Living Letters solidarity visit to Angola and Mozambique

18 to 28 July 2009

Child soldier in Chicala, Angola, 2002. Photo: Paul Jeffrey/ACT International

A team of church representatives from Portugal, Switzerland and Brazil is paying a solidarity visit to churches, ecumenical organizations and civil society organizations in Angola and Mozambique.

Travelling as a "Living Letters" team on behalf of the World Council of Churches (WCC), the group will spend five days in each of the two countries, which share some common historical traits of colonial rule, liberation, civil war and reconstruction. In both countries churches are engaged in reconciliation efforts and overcoming violence.

In Angola the visit is being hosted by the Council of Christian Churches in Angola (CICA). After gaining independence from Portugal in 1975, the country suffered a 27-year civil war which killed hundreds of thousands of people and devastated the economy and infrastructure. Despite the current post-war reconstruction boom the majority of the population still lives in poverty.
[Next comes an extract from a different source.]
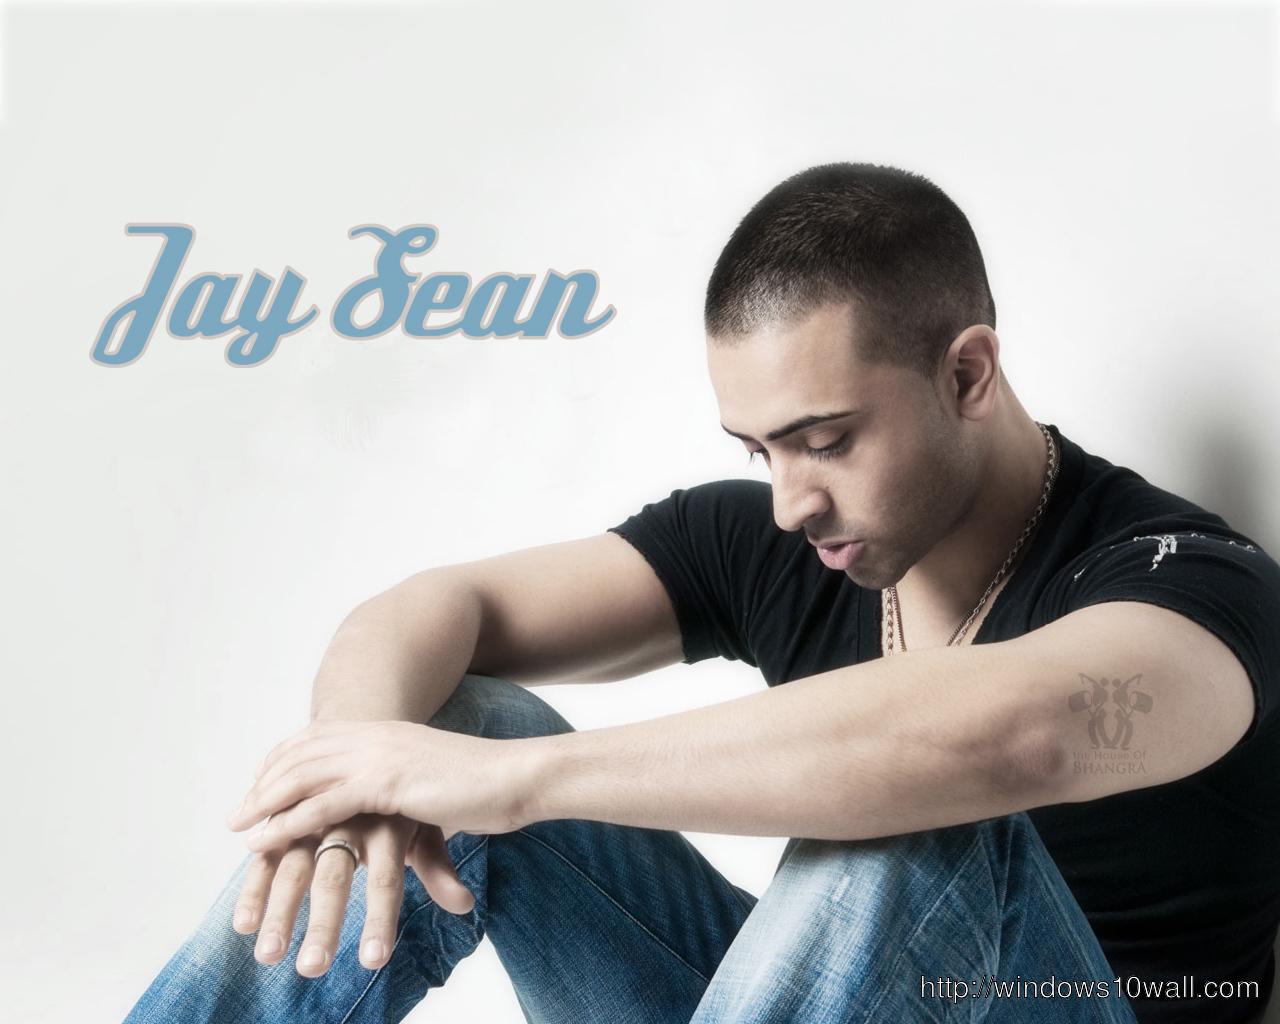 Jay Sean Wallpapers Hd Jay Sean Hd Background...

The Christian Council of Mozambique (CCM) hosts the Living Letters team in the second leg of the visit. Shortly after its independence from Portugal in 1975, Mozambique was drawn into the struggle against white rule taking place in neighbouring South Africa and Rhodesia (today's Zimbabwe). Until a political settlement was reached in 1992, war and famine killed up to a million people. Between 2000 and 2002 successive floods and a severe drought hit the country. Today economic growth is fast, although poverty is widespread.